38. | Clarify whether shares purchased by Linde plc pursuant to the put right would or could be purchased more quickly than shares tendered into the exchange offer. |
In response to the Staff’s comment, the Company respectfully directs the Staff to the disclosures on pages 215 and 216 of Amendment No. 1 regarding the settlement of any Linde shares put to the Company in a potential put right period.
Comparative Per Share Market Information, page 217
39. Please provide the information required by Item 3(g) of FormS-4.
In response to the Staff’s comment, the Company has revised the disclosure on page 224 of Amendment No. 1.
Unaudited Pro Forma Condensed Combined Financial Information, page 224
40. | Please provide us the analysis of all the material facts and circumstances you considered and how these facts and circumstances resulted in your conclusion that Praxair is the accounting acquirer, including your consideration of the factors outlined in ASC805-10-55-12 through55-15. |
Ms. Long | -24- |
In response to the Staff’s comment, set forth below is a summary of the analysis of the considerations for determining that Praxair, Inc. is the accounting acquirer in accordance with ASC 805. For purposes of this response “we”, “us” or “our” refers to both Praxair, Inc. and Linde AG, collectively.
(a) | ASC805-10-25-4 states: |
“For each business combination, one of the combining entities shall be identified as the acquirer.”
ASC805-10-25-5 states:
“The guidance in the General Subsections of Subtopic810-10 related to determining the existence of a controlling financial interest shall be used to identify the acquirer—the entity that obtains control of the acquiree. If a business combination has occurred but applying that guidance does not clearly indicate which of the combining entities is the acquirer, the factors in paragraphs805-10-55-11 through805-10-55-15 shall be considered in making that determination.”

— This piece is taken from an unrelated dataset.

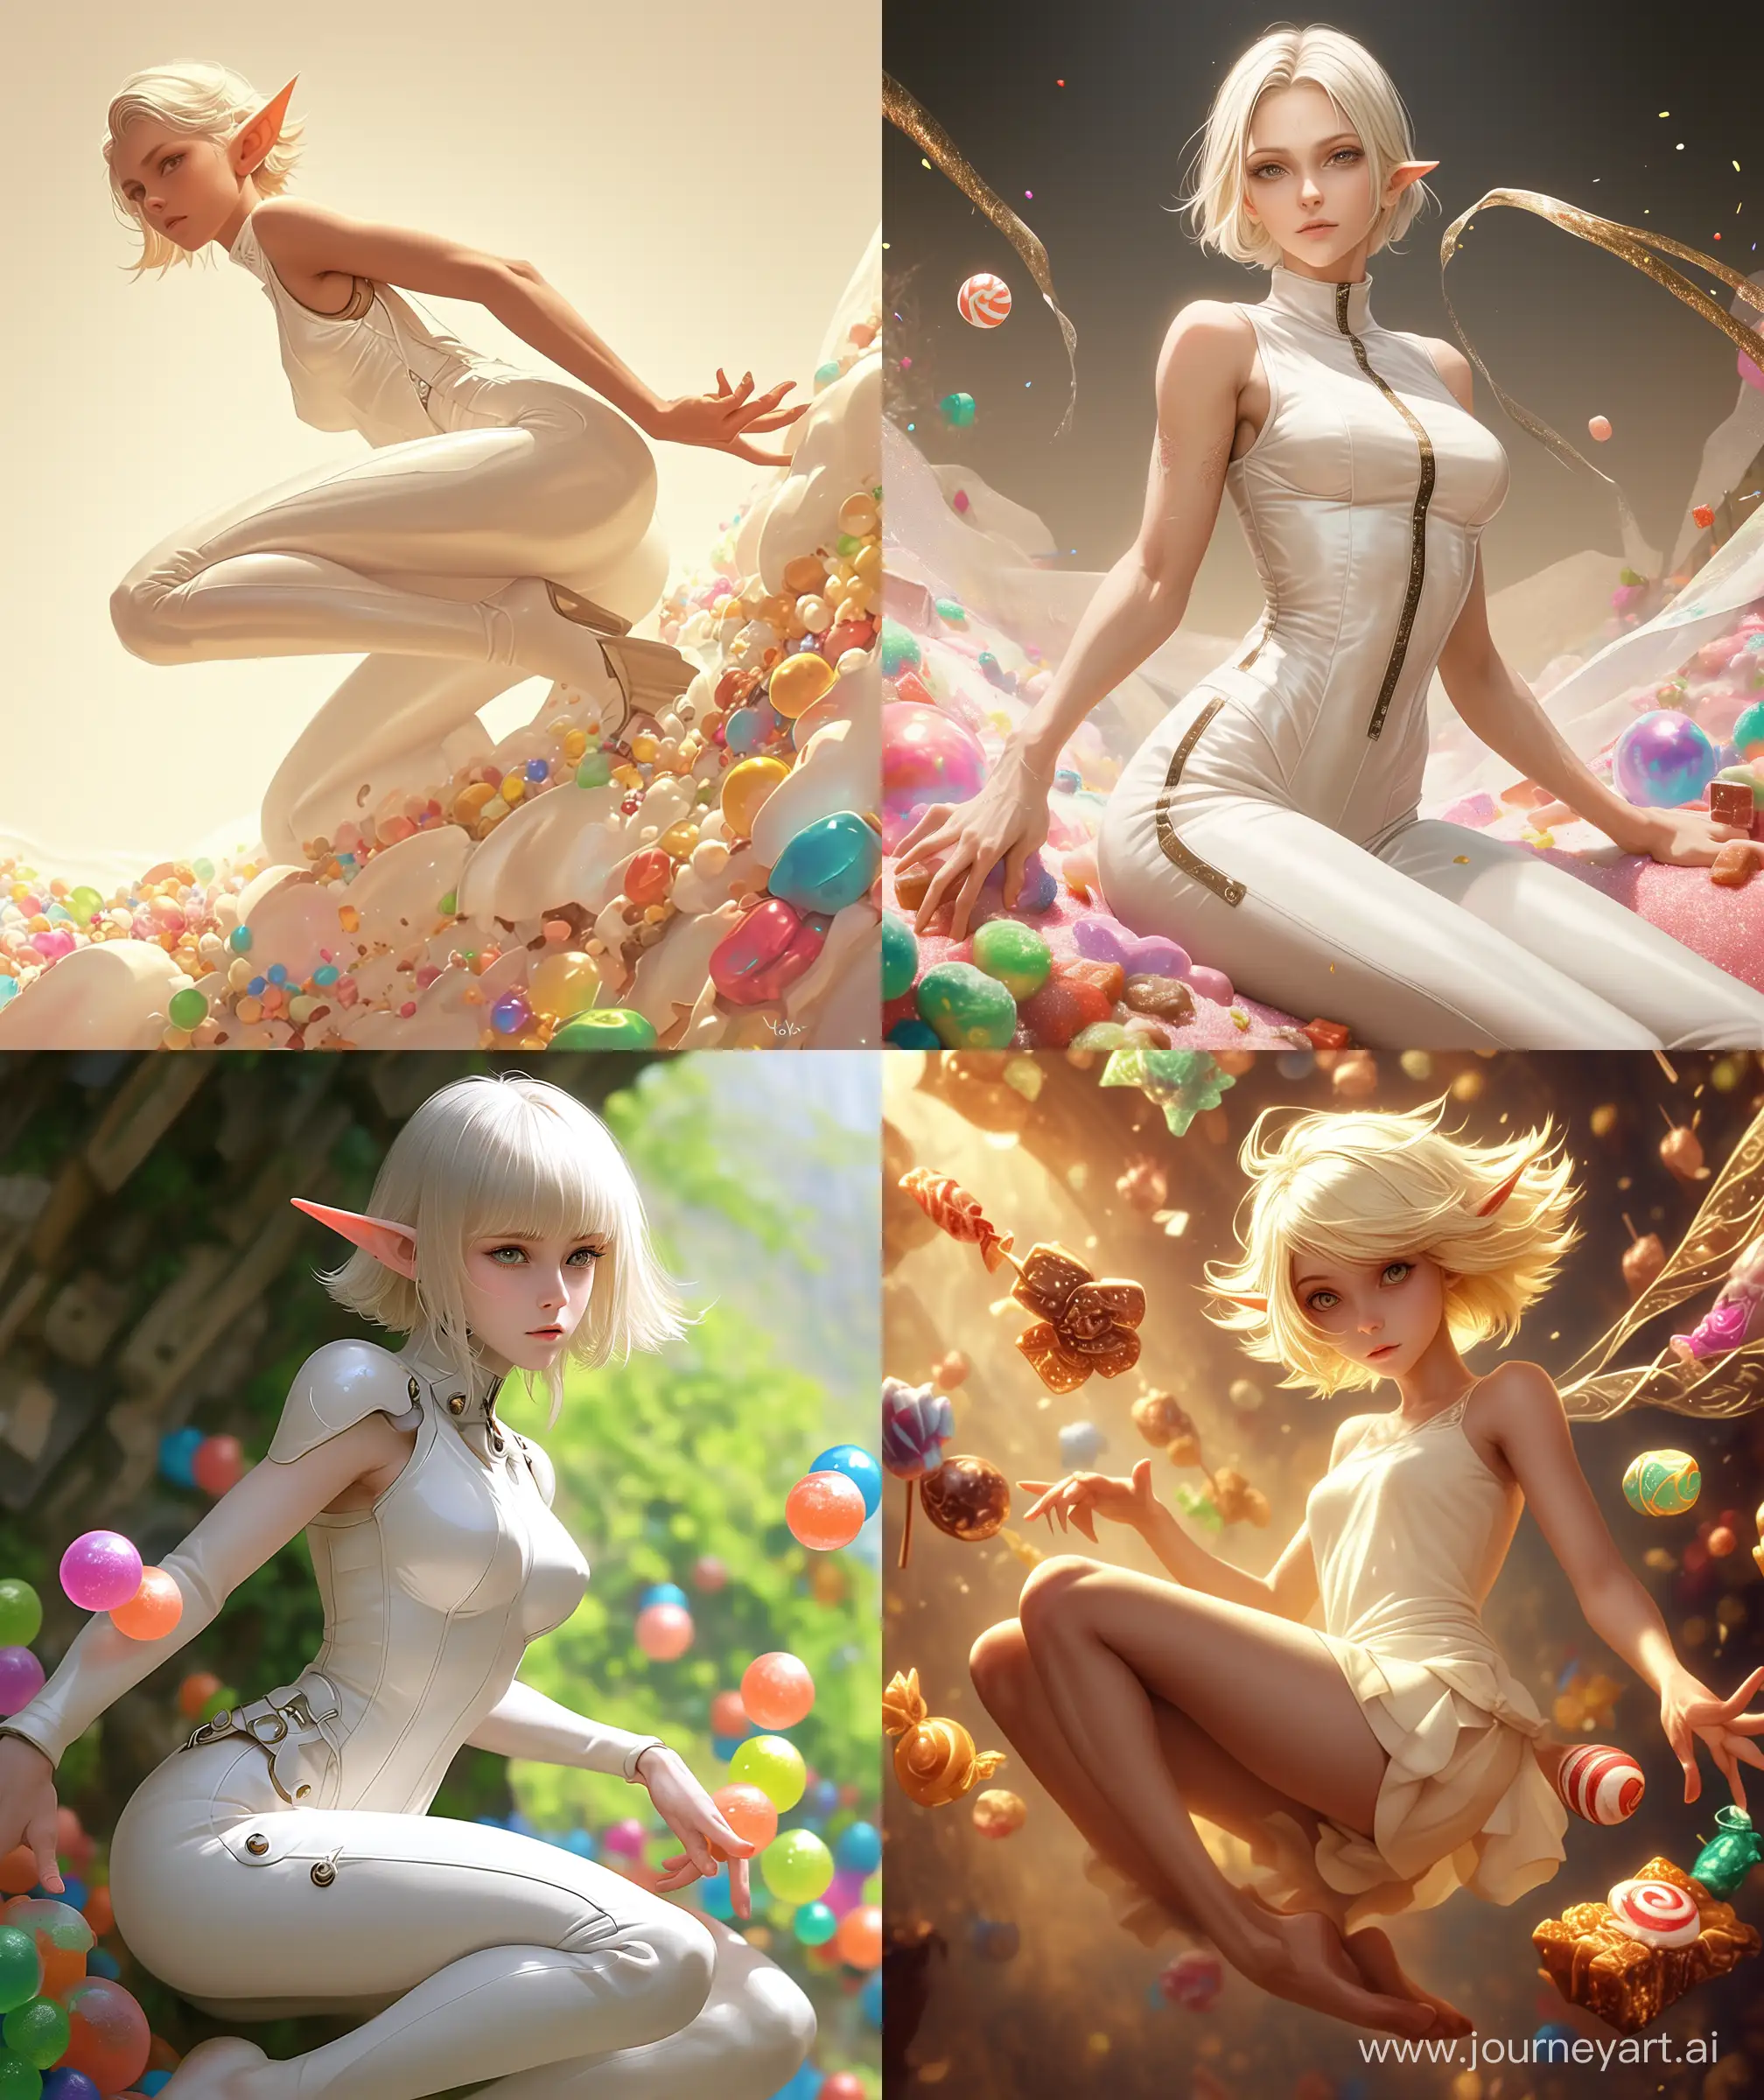 Elegant-Tan-Elf-Woman-Rolling-Over-Soft-Quilt-Amidst-Candy-Delight

Because there is no clear indication of which of the combining entities is the accounting acquirer based on ASC805-10-25-5, the Company applied the factors in paragraphs805-10-55-11 through805-10-55-15 to determine the accounting acquirer. This analysis follows.
(b) | ASC805-10-55-11 states: |
“In a business combination effected primarily by transferring cash or other assets or by incurring liabilities, the acquirer usually is the entity that transfers the cash or other assets or incurs the liabilities.”
The Company believes the above criteria is not applicable in this situation because the merger and the exchange offer, respectively, will each be effected solely by exchanging equity interests.
(c) | ASC805-10-55-12 states: |
“In a business combination effected primarily by exchanging equity interests, the acquirer usually is the entity that issues its equity interests. However, in some business combinations, commonly called reverse acquisitions, the issuing entity is the acquiree. Subtopic805-40 provides guidance on accounting for reverse acquisitions. Other pertinent facts and circumstances also shall be considered in identifying the acquirer in a business combination effected by exchanging equity interests….”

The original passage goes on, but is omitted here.